BHP paid a final dividend of $1.251 a share on 28 September. The ASX 200 miner paid out the interim dividend of $1.096 per share on 28 March.
That equates to a full-year payout of $2.347 a share. (BHP declares its dividends in US currency, hence the fractional cents.)
At the recent BHP share price of $43.03, the stock trades on a fully franked trailing yield of 5.45%.
As the largest company listed on the ASX with a strong outlook, I believe this is one stock to buy now for long-term passive income.
Sticking with the large and reliable income payers, the second ASX dividend share I'd buy now is Commonwealth Bank of Australia (ASX: CBA).
CBA paid a final dividend of $2.40 a share on 28 September and an interim dividend of $2.15 a share on 28 March. That works out to a full-year passive income payout of $4.55.
At the recent CBA share price of $114.54, the big four bank stock trades on a fully franked trailing yield of 4%.
Now, some analysts are forecasting bank shares may come under selling pressure over the coming months.
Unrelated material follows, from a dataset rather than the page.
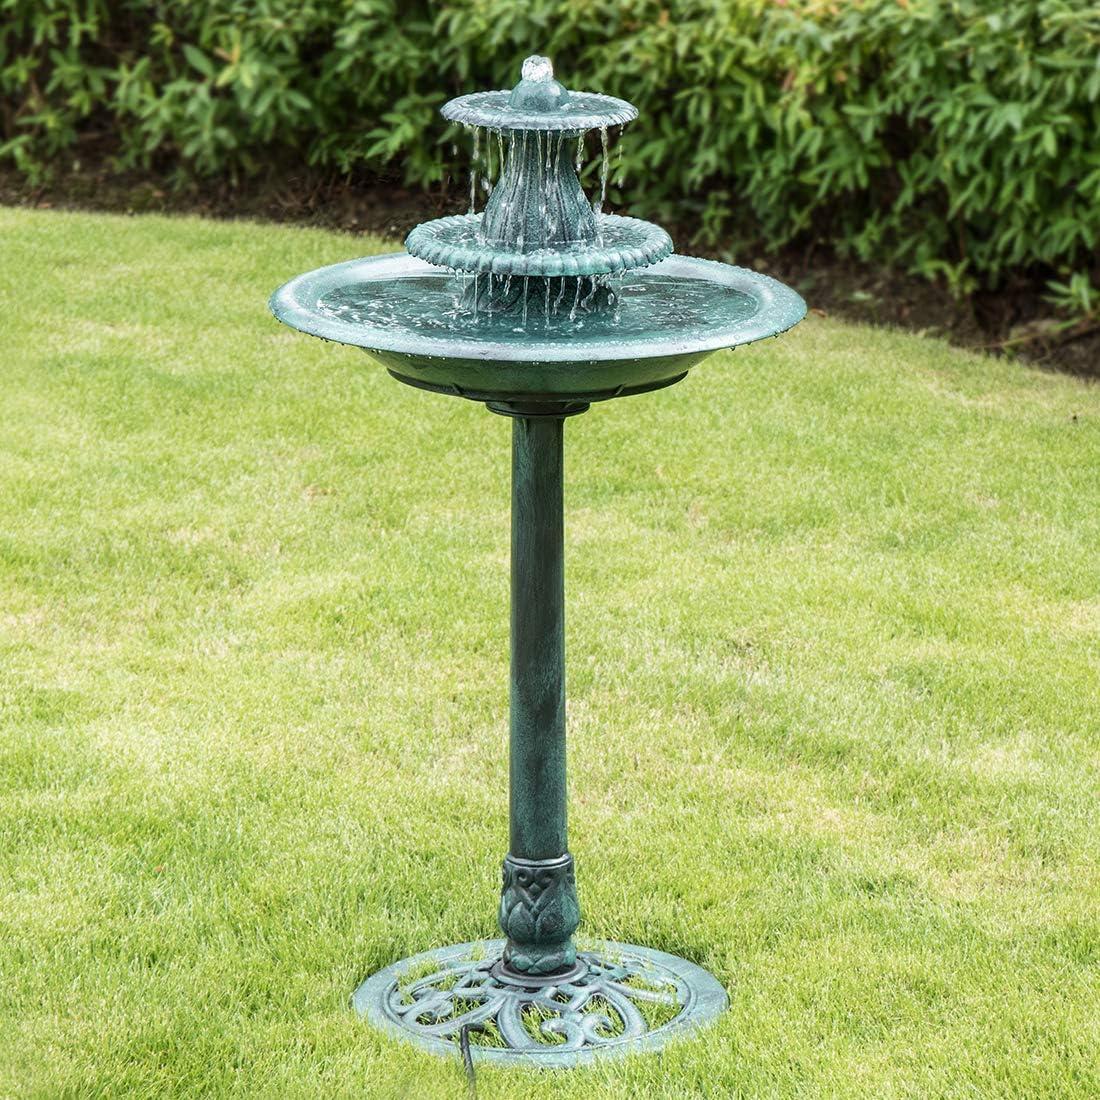 VIVOHOME 110V 40 Inch Height 3 Tiers Freestanding Electric Polyresin Lightweight Antique Outdoor Garden Bird Bath Water Fountain

That may or may not eventuate. But in the long term, I think Australia's largest bank forms a strong foundation in our income portfolio.
Which brings us to the third ASX dividend share I'd buy now to form the foundation of a long-term passive income portfolio, Woolworths Group Ltd (ASX: WOW).
The ASX 200 supermarket giant has been trading at what I believe is a discount since shares took a nosedive on 21 February. That was spurred by the unexpected departure of long-term CEO Brad Banducci.
Longer-term, Woolworths looks well-placed to continue capitalising on Australia's growing population and increasing consumer wealth.
As for that passive income, over the past 12 months, this ASX dividend gem paid a final dividend of 58 cents a share on 27 September and an interim dividend of 47 cents a share on 11 April. This comes out to a full-year payout of $1.05 a share.
At the recent Woolworths share price of $31.90, Woolies shares trade on a fully franked trailing yield of 3.3%.